1. An understanding of how mathematics functions as a logic of contradictions is one source of power over mathematics, of power to suspend any or all laws of mathematics at will.


2. Mathematics is an extraordinary instance of a historical, disguised logic of contradictions.  It teaches us to look beyond formal algorithms in searching for the mechanisms which control contradictions.  It teaches us that we should expect a logic of contradictions to be something more worldly than an abstract intellectual game whose worth is decided once-for-all.

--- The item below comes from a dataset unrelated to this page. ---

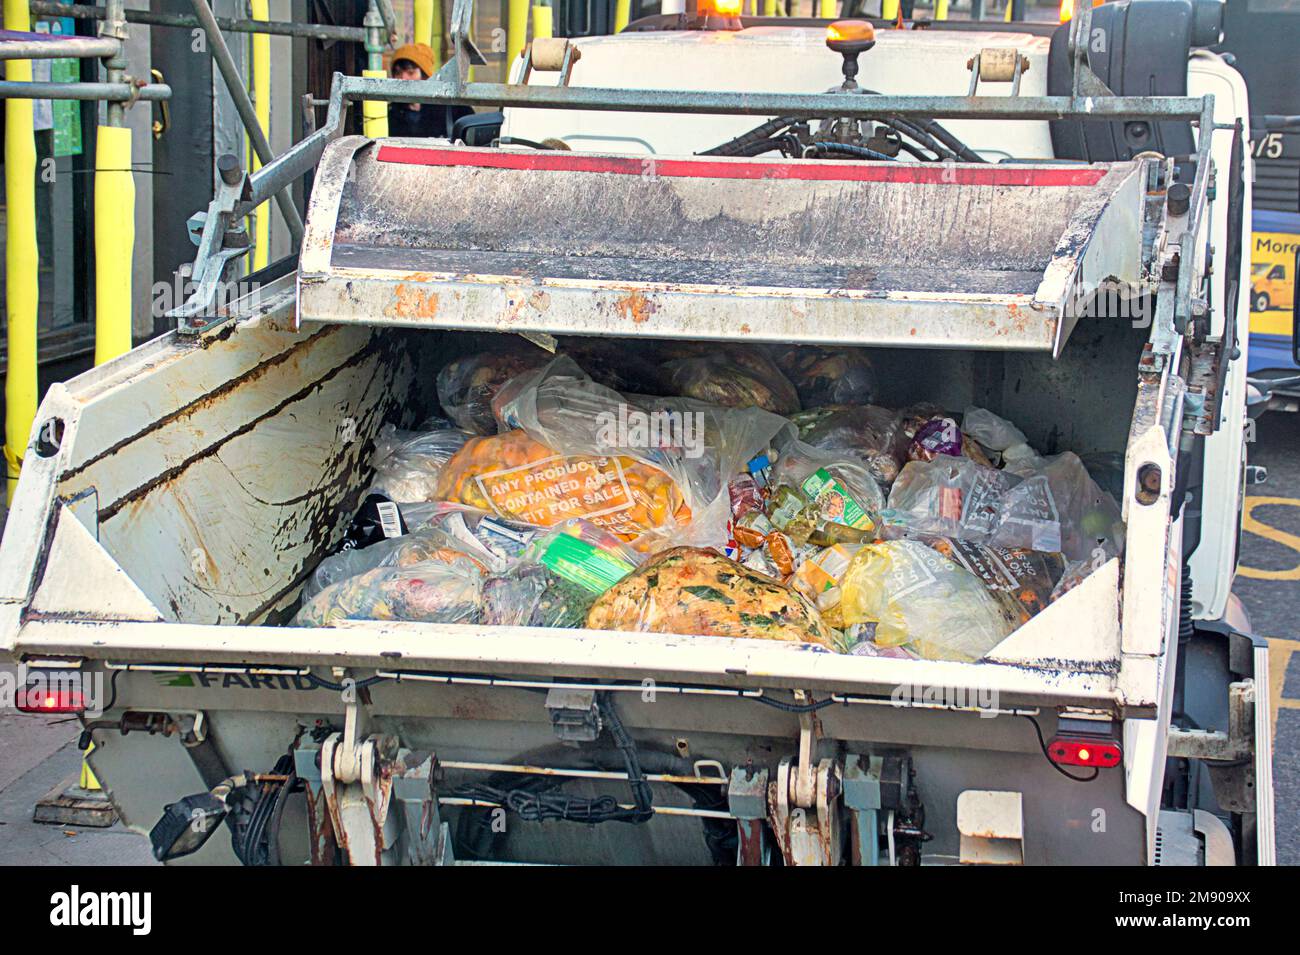 Gewerblicher Müllwagen mit Inhalt des Müllbehälters, der Lebensmittel aus der Mitnahme und Restaurants aus dem Recycling enthält Stockfoto

3. When mathematics is viewed in the full context of its misrepresentations and its social ramifications, then (and only then) it does break the framework of objectivityinasmuch as it represents the determination of a phantom objectivity by reciprocal subjectivity.  But mathematics is an obscurantist framework-breaking process because it acts by palpable deceit and delusion and thus cripples its subjects.  <FN It must conceal and deny the procedure wherein it breaks the framework.>  It is “a cruel experiment” [S. Lem, P. Berenyi].  Mathematicians engage in a sort of witless negotiation with one another and create a realm of mechanical relationships among sterile phantom objectivities which then usurps control and turns the mathematicians into its slaves.


       Let me refer again to what Hennix said in 1977 about the logic of contradictions.  “Why would you want a logic of contradictions which would lead you to give priority to the study of common-sense delusions, when mathematics enables us to rise above all social delusions and to achieve absolutely certain knowledge?”  This question expresses a monumental illusion, and indicates the extent to which the culture’s myths have rendered many unable to see the obvious.  (The circuit of disillusionment is finally competed, and “antitheses” turn out to be identical.)  Mathematics, supposedly the means for transcending the logic of contradictions, turns out to be the worst sort of logic of contradictions.  And the notion that mathematics is more rarified and noble than common sense turns out to be another monumental illusion—as I repeatedly tried to advise Hennix. 

       Mathematics is an extrapolation of natural language and common sense which is so one-sided that its refinements are often counter-intuitive.  Nevertheless, any number of primitive notions necessary to mathematics are contained in common sense; and the problem of the inconsistency of those notions is the same for common sense and for mathematics.  Then, the processes which sustain and control the inconsistencies in mathematics are interested social processes. 

      Common sense is the medium of apprehension of “the world” which must be learned like natural language.  Everybody has to be versed in it.  Mathematics, while technically indispensable to many civilizations, remains a province of adepts.  Those adepts are devotees of sterile “mechanical” phantom objectivities.  (Cf. every mathematician who says that mathematical results are discoveries.)  The obscurantist rationalization is on behalf of that devotion.


       The foregoing results make this study a contribution to my logic of contradictions, itself a branch of meta-technology.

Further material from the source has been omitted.